- Stored data
====
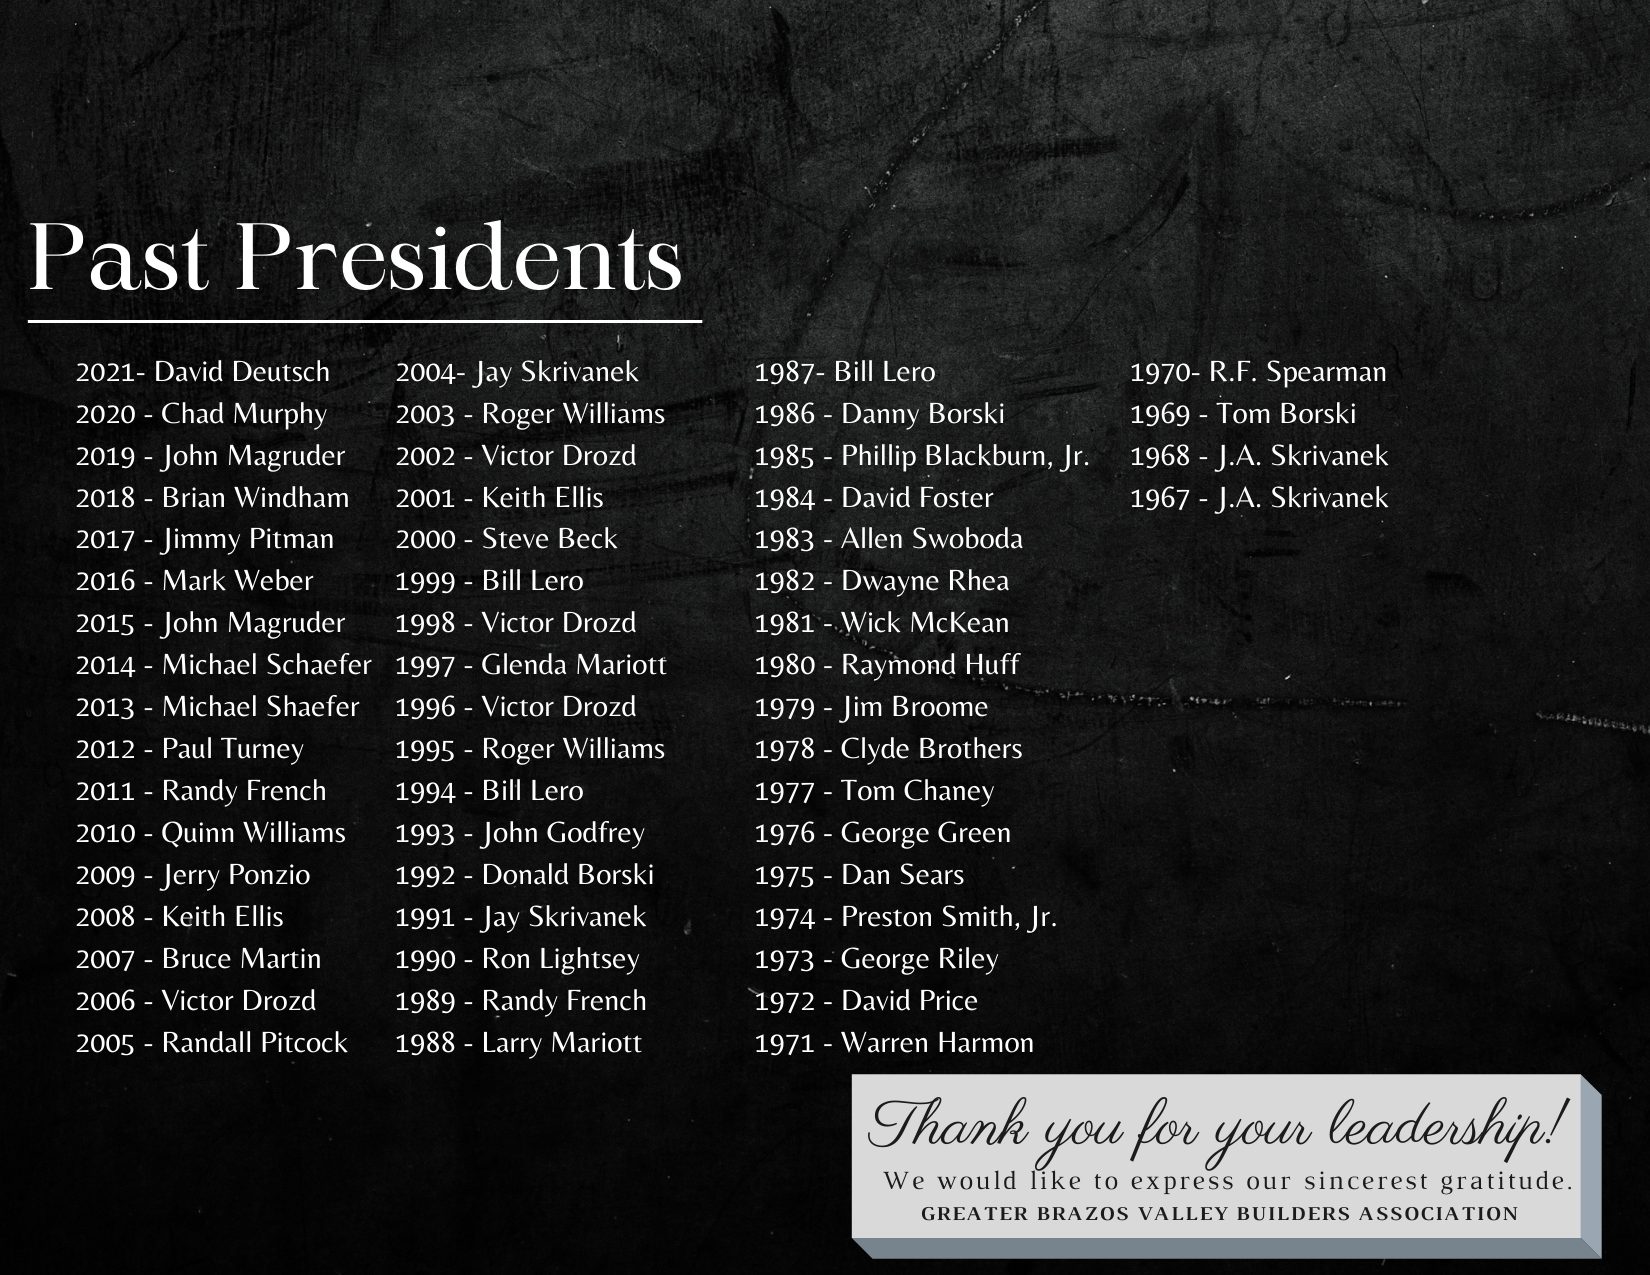 Past Presidents (2)
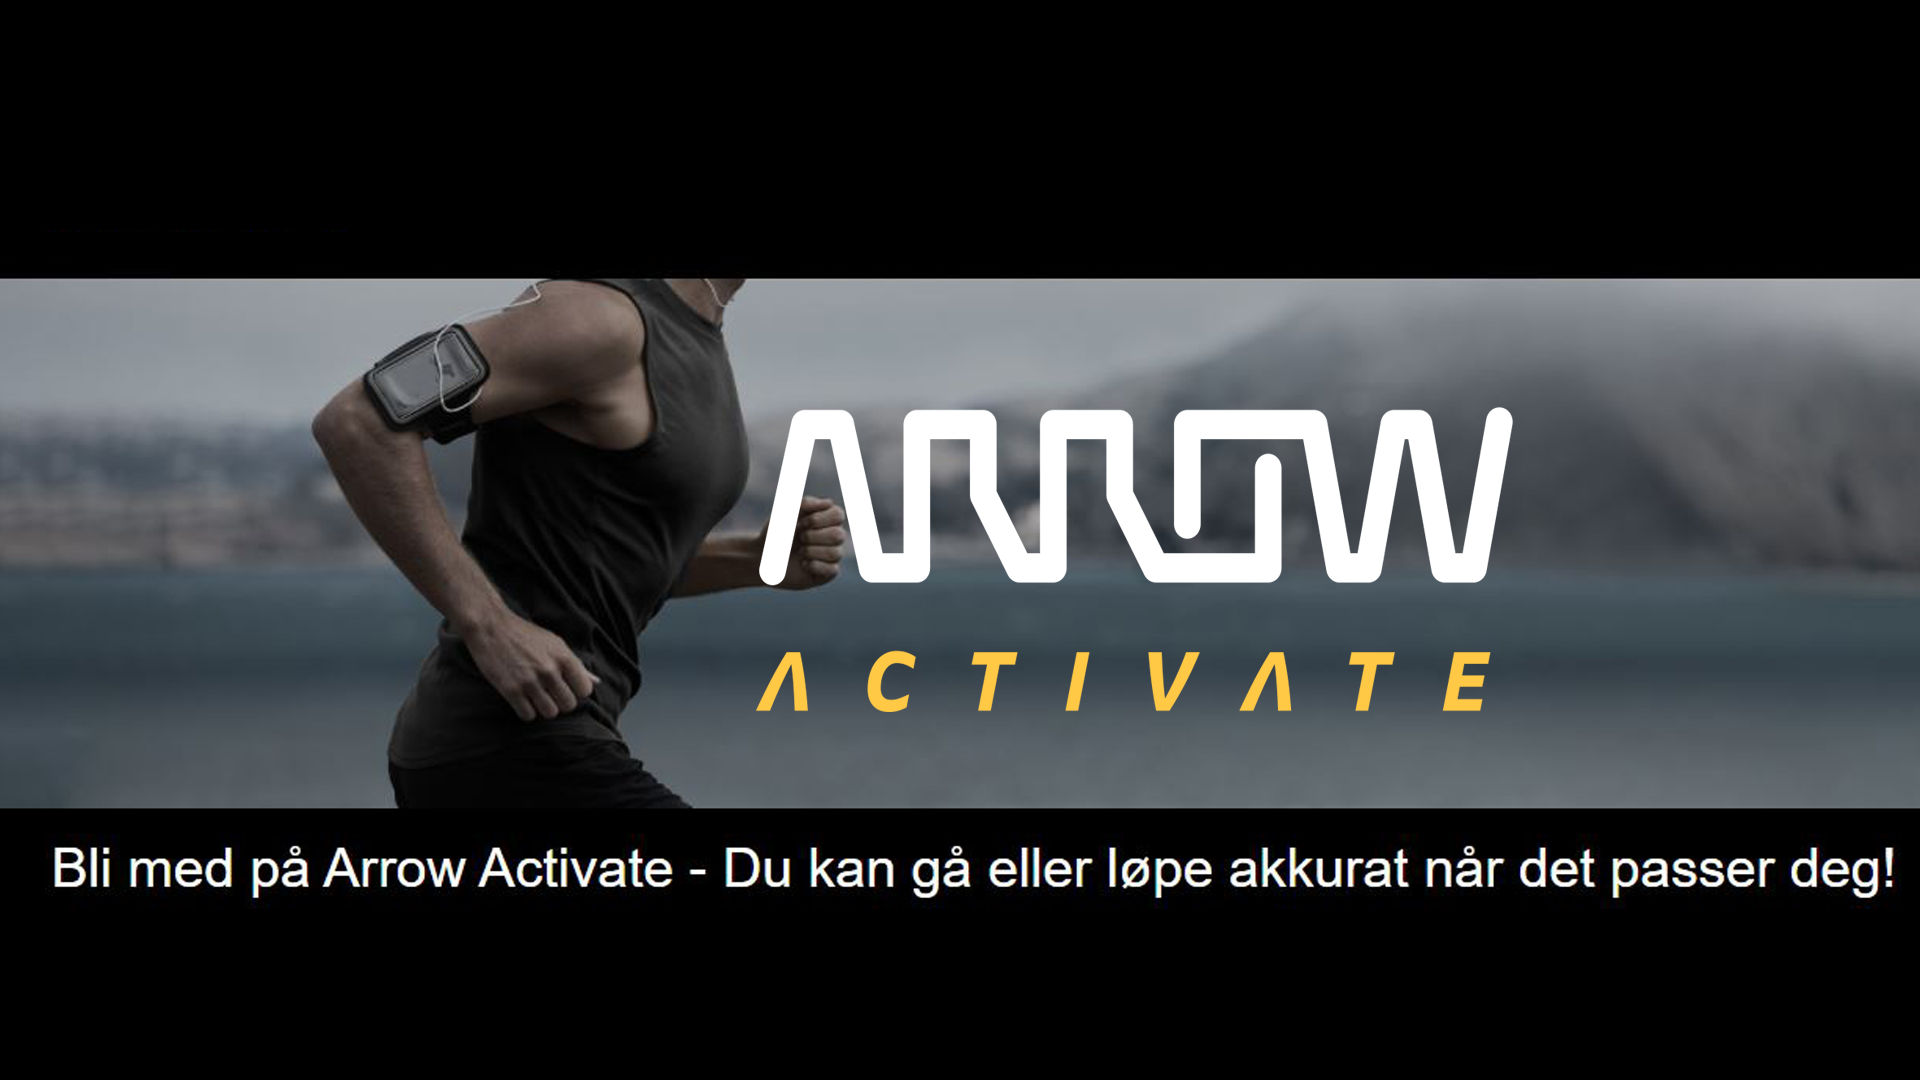 Arrow Activate Norway - Konkurranse #1
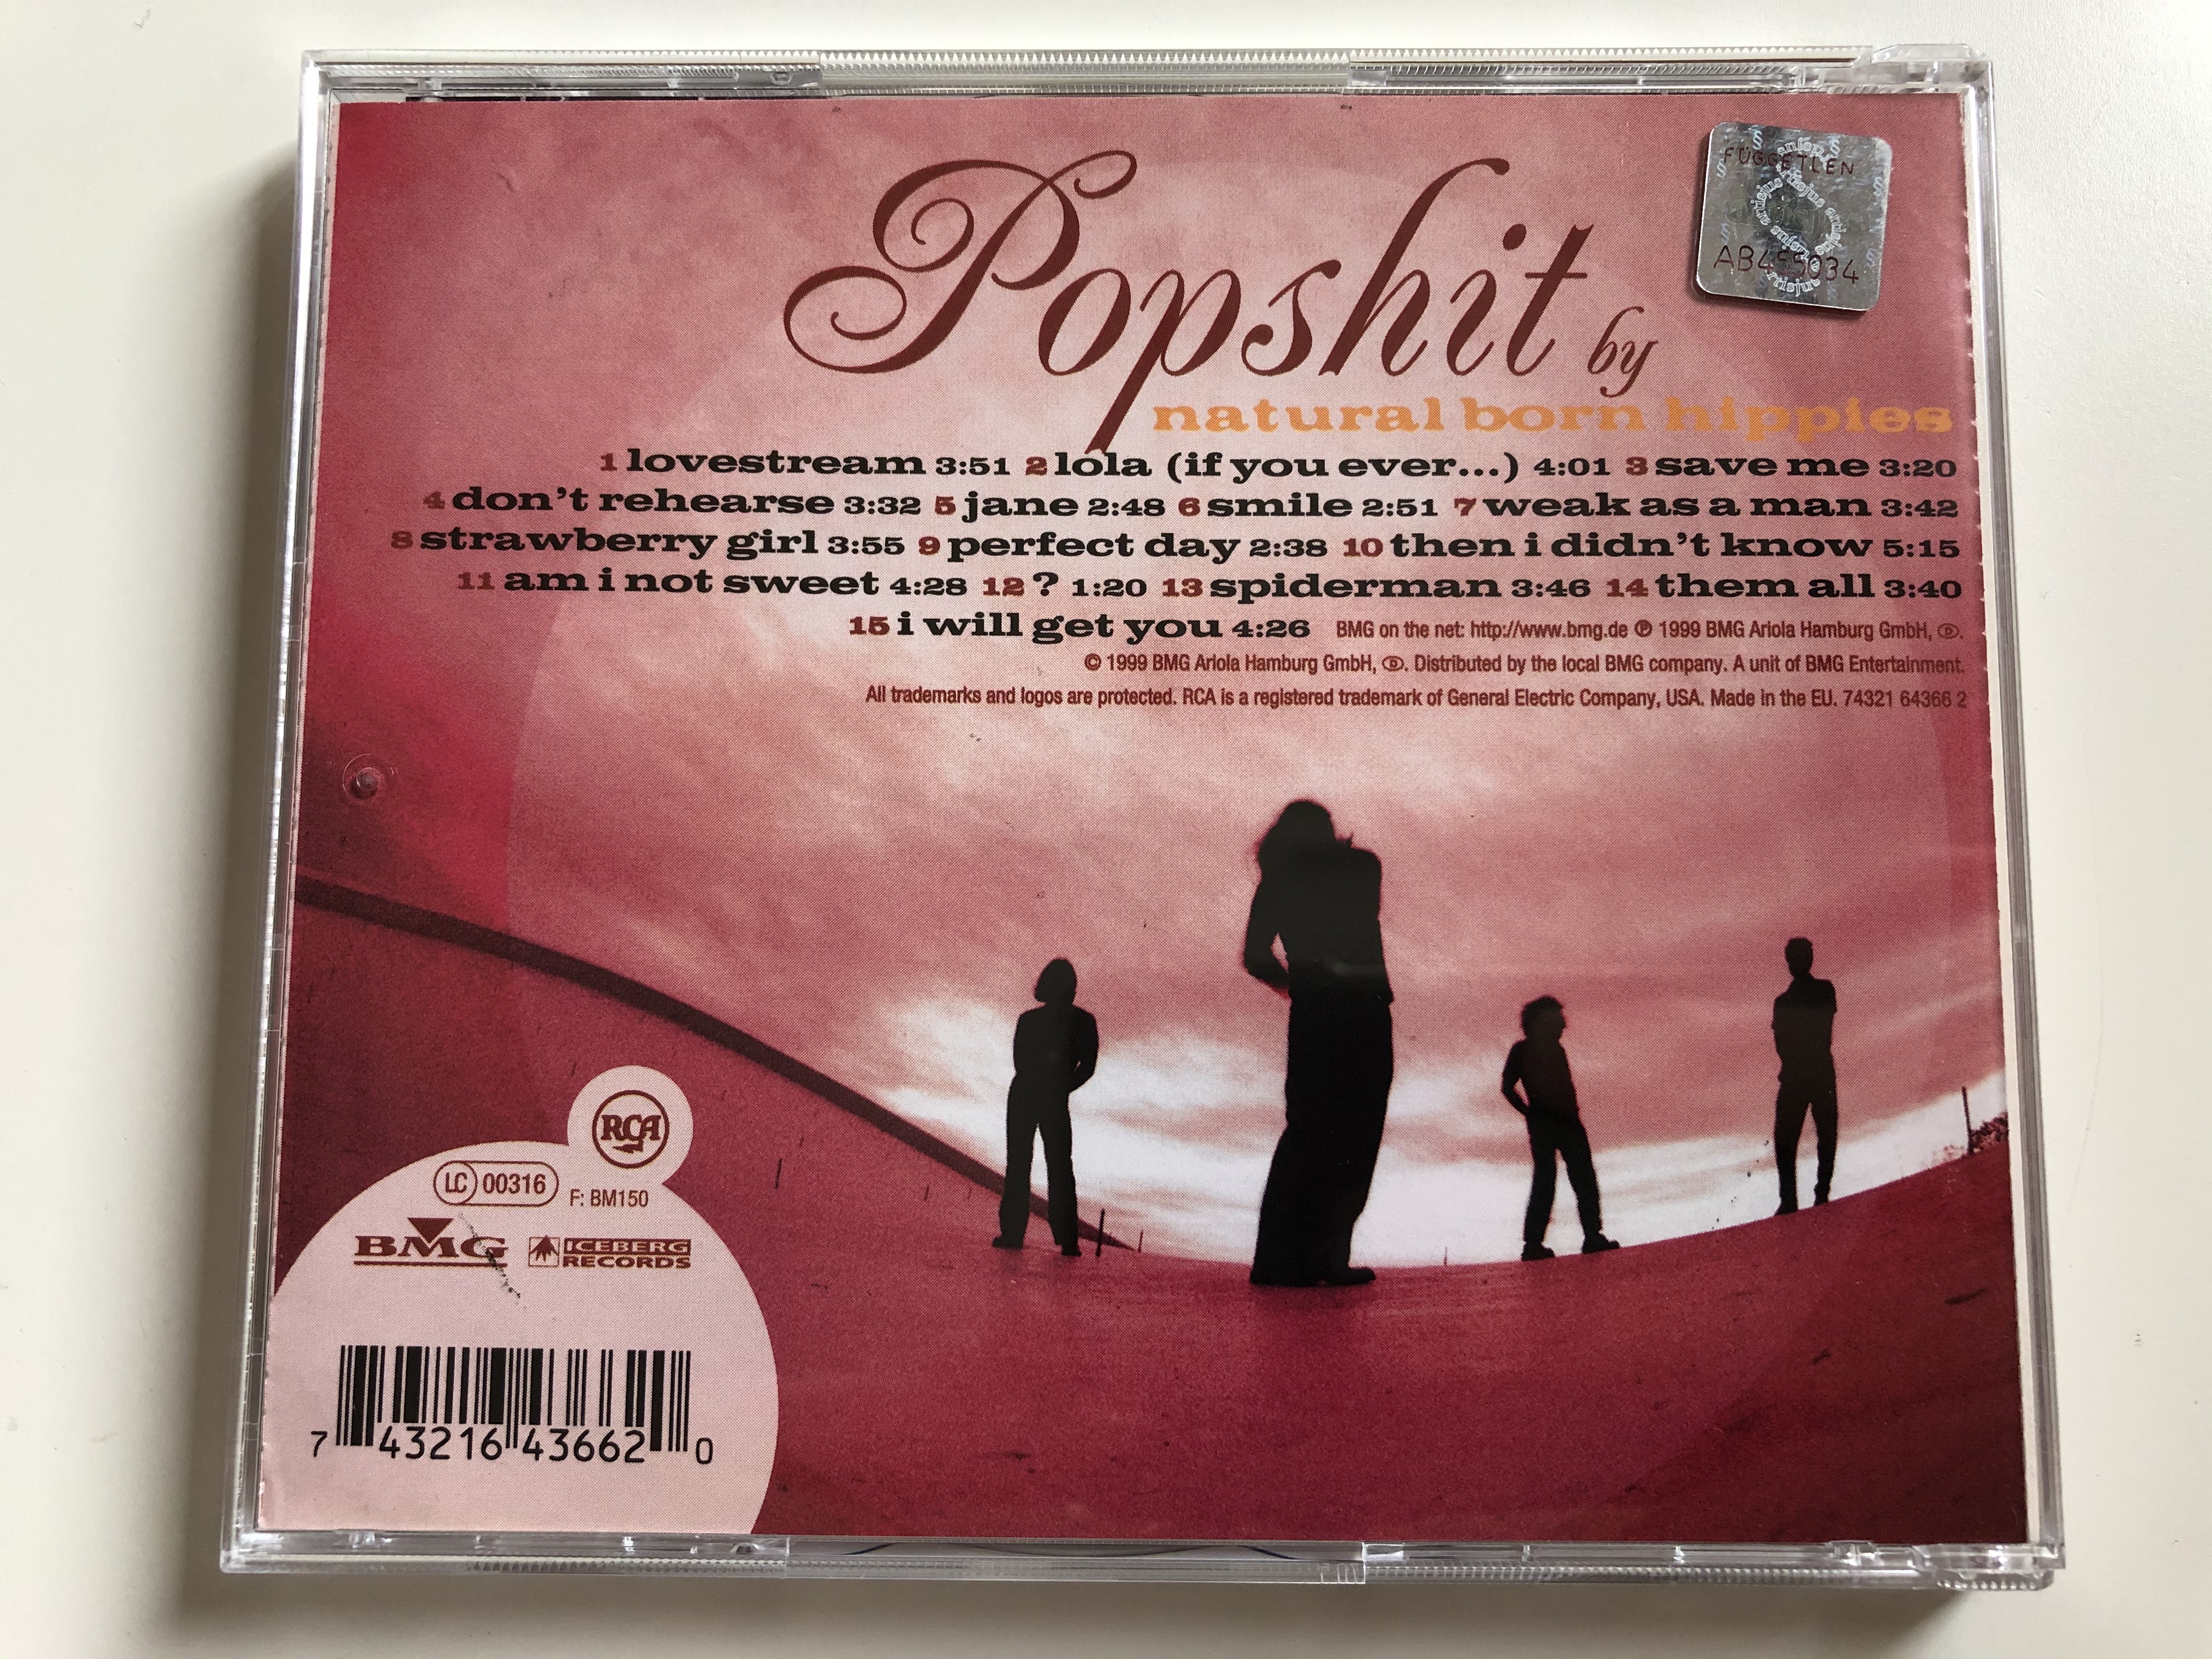 popshit-by-natural-born-hippies-rca-audio-cd-1999-74321-64366-2-2-.jpg
====
- What to work on
Print the material word for word; images are to be left out.

- Expected output
 Past Presidents (2)
 Arrow Activate Norway - Konkurranse #1
 popshit-by-natural-born-hippies-rca-audio-cd-1999-74321-64366-2-2-.jpg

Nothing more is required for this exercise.